Теперь мы спохватились, поздно, конечно, ну хоть поздно… Выпускаем книги, диски, говорим о нем, спорим, размышляем.

Рязанов. Здесь можно вспомнить стихотворение Булата Окуджавы о поэтах.

Поэтов травили, ловили
на слове, им сети плели;
куражась, корнали им крылья,
бывало, и к стенке вели.
Наверное, от сотворенья,
от самой седой старины
они как козлы отпущенья
в скрижалях земных учтены.
В почете, и всё ж на учете,
и признанны, но до поры…
Вот вы с ними рядом живете,
а были вы с ними добры?
В трагическом их государстве
случалось и празднествам быть,
и все же бунтарство с мытарством
попробуй от них отделить.
Им разные тракты клубили,
но все ж в переделке любой
глядели они голубыми
за свой горизонт голубой.
И слова рожденного сладость
была им превыше, чем злость.
А празднества — это лишь слабость
минутная. Так повелось.
Я вовсе их не прославляю.
Я радуюсь, что они есть.
О, как им смешны, представляю,
посмертные тосты в их честь.
(Съемка ТВ Италии)

Высоцкий. Я, когда начинал писать, никогда не рассчитывал на большую аудиторию. Не думал, что у меня в будущем будут какие-то залы, стадионы — здесь и за рубежом. Я никогда этого не предполагал, думал, что это будет написано и спето для маленькой компании моих близких друзей. Компания была хорошая. Это началось лет пятнадцать тому назад. Мы жили в одной квартире у режиссера «Мосфильма» Льва Кочаряна. Там были люди, которых вы знаете. Это Вася Шукшин, которого больше нет, сам Лева, который тоже умер, замечательный человек, который любил жизнь невероятно. Там был Андрюша Тарковский, там был такой писатель Артур Макаров. И вот для них я пел эти песни, и первый раз Лева Кочарян, мой друг, вдруг сказал: «Подожди одну минуту» — и нажал на кнопку магнитофона. Так случилось, что первый раз это было записано на магнитофон. Но никто не обратил на это внимания, ни один человек не думал, что из этого получится дальше. Но случилось так, что кто-то это услышал, захотел переписать. И началось вот такое, ну, что ли, триумфальное шествие этих пленок повсюду, по всему Союзу.

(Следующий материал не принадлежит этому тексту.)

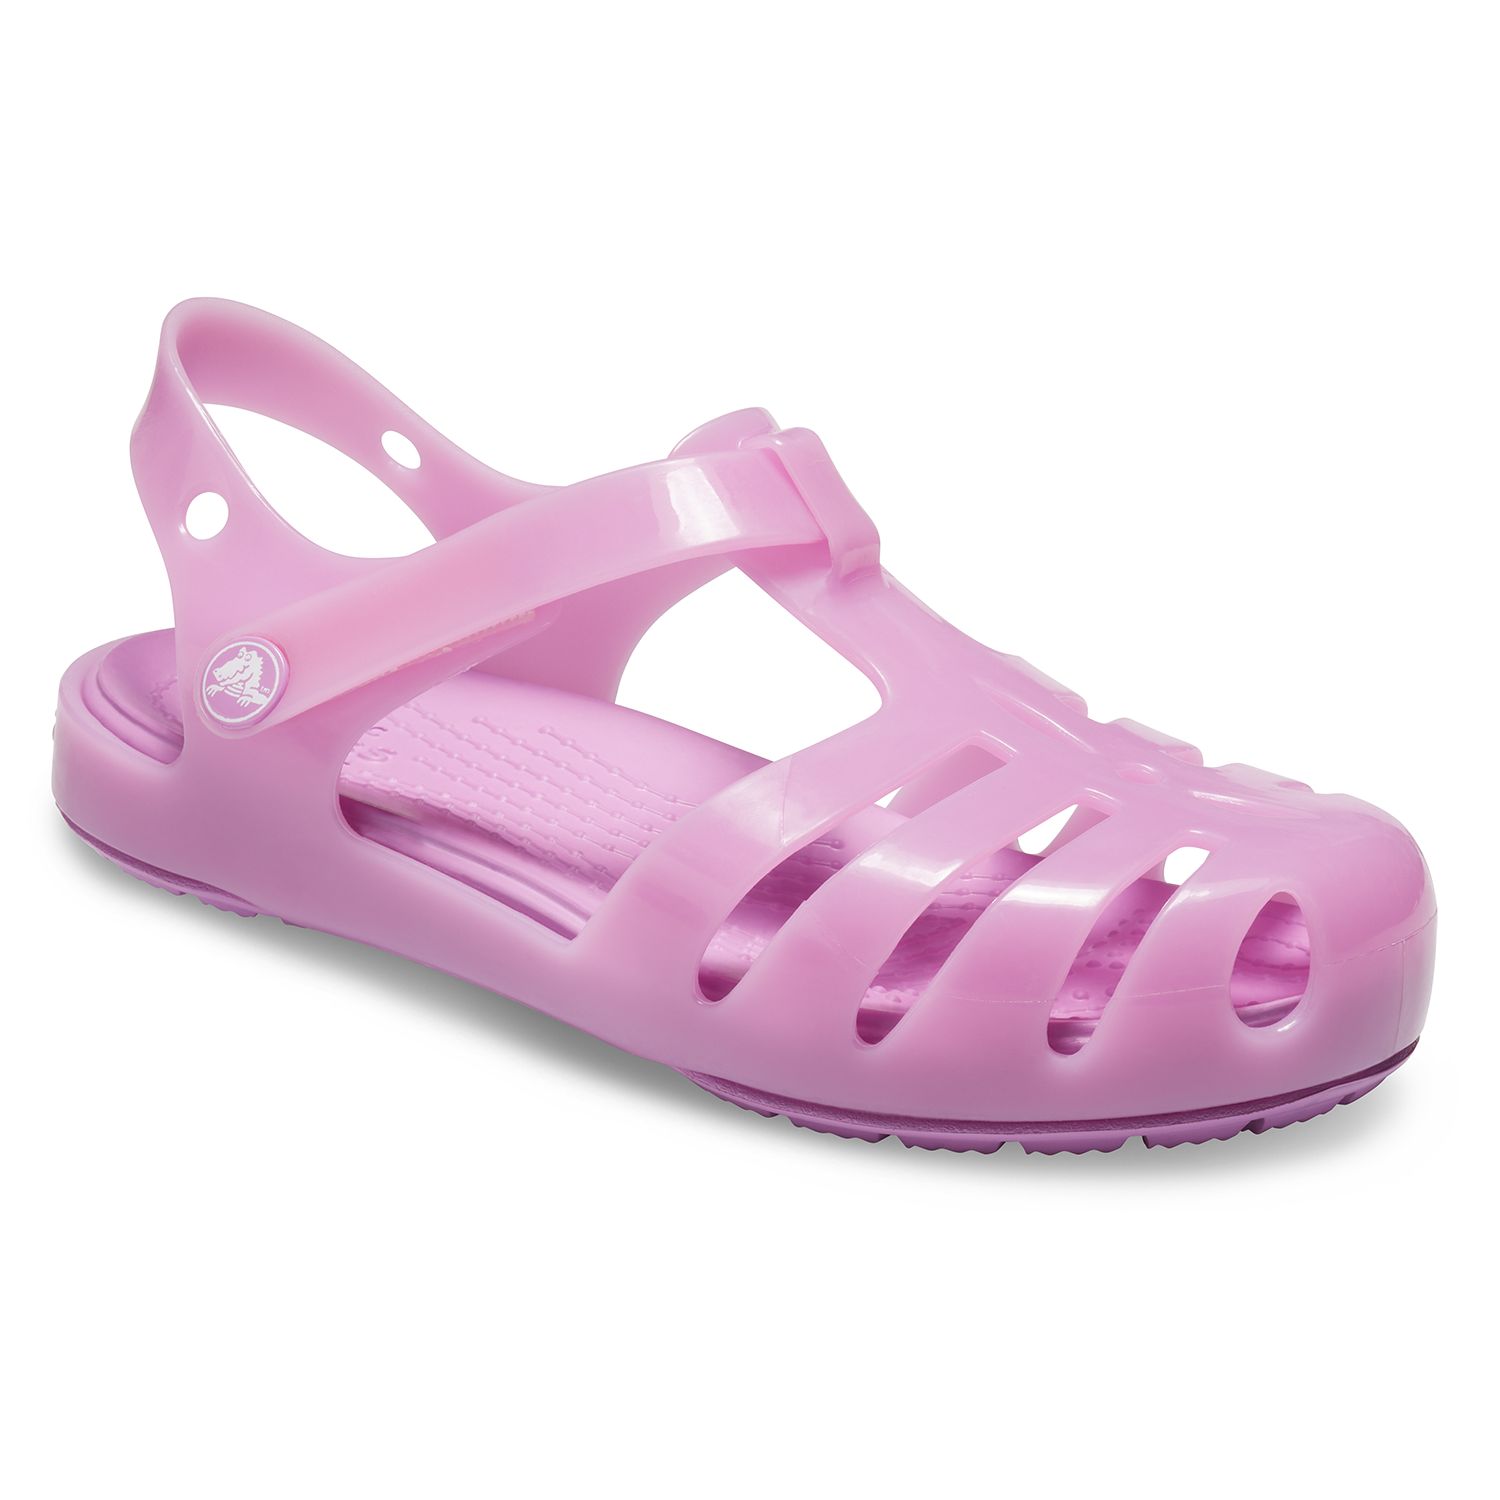 Crocs Isabella Preschool Girls' Sandals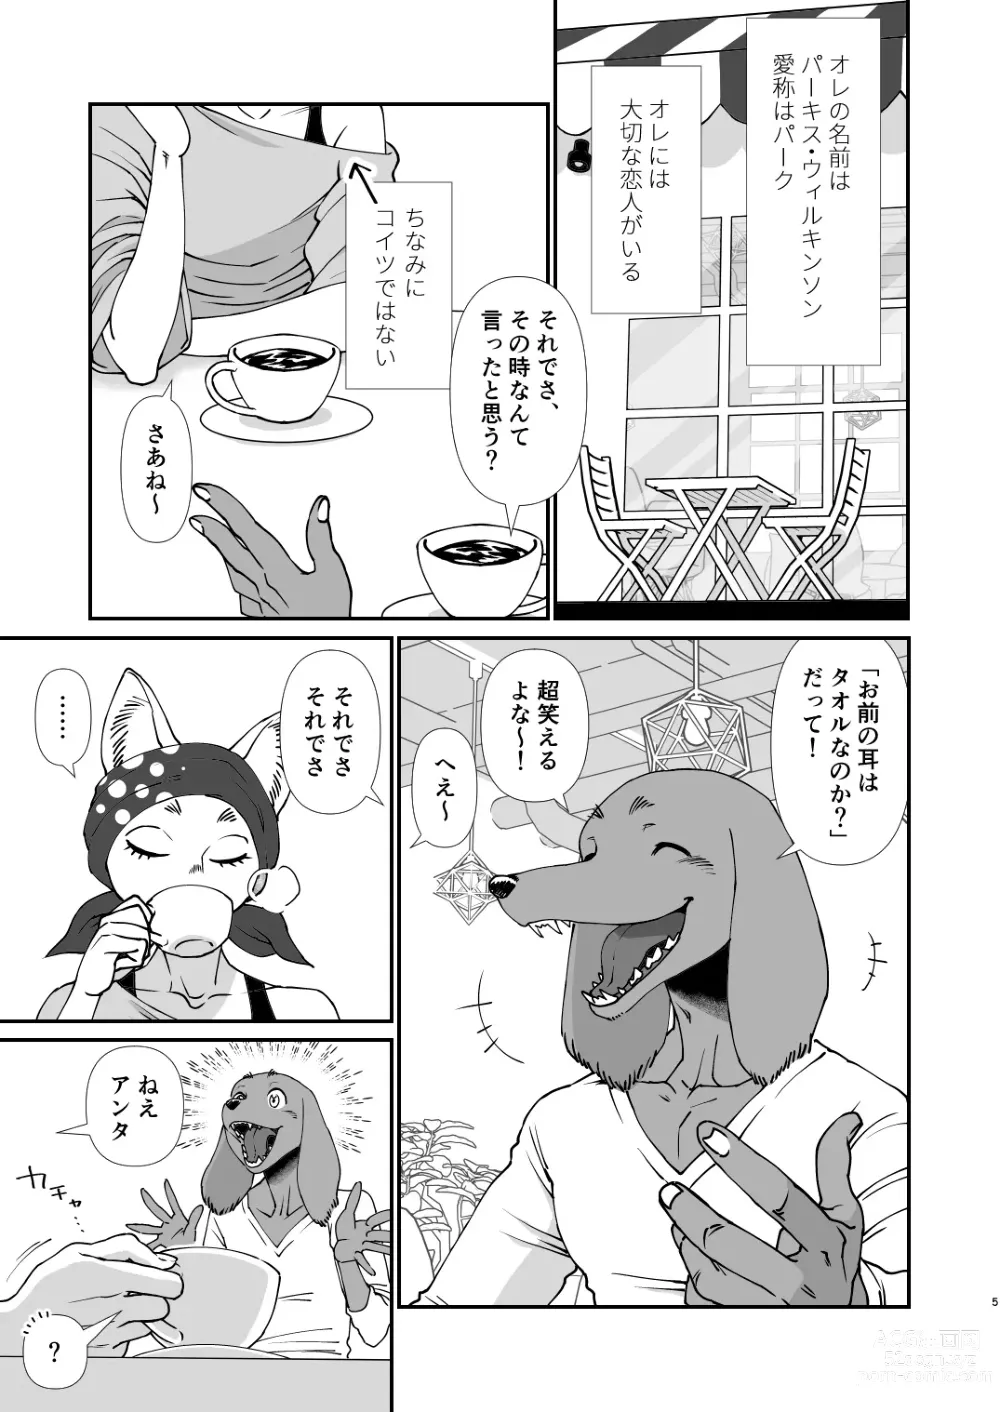 Page 3 of doujinshi Gakusei-kun to Hanaya-san Matome Hon!

Потом стал выступать в институтах, в школах, перед студентами. И кто-то всегда держал на первом ряду микрофон, который мне мешал, щелкал, друг у друга спрашивали: у тебя готово, у тебя кончилось, не кончилось… И это все распространялось и десятки раз переписывалось. Так что иногда невозможно разобрать — это мои слова, не мои. Поэтому было очень много подделок, стали появляться люди, которые подделывались под меня и пели. Лишь бы таким хрипатым голосом, тогда, значит, под Высоцкого. Я со своим голосом ничего не делаю, потому что у меня голос всегда был такой.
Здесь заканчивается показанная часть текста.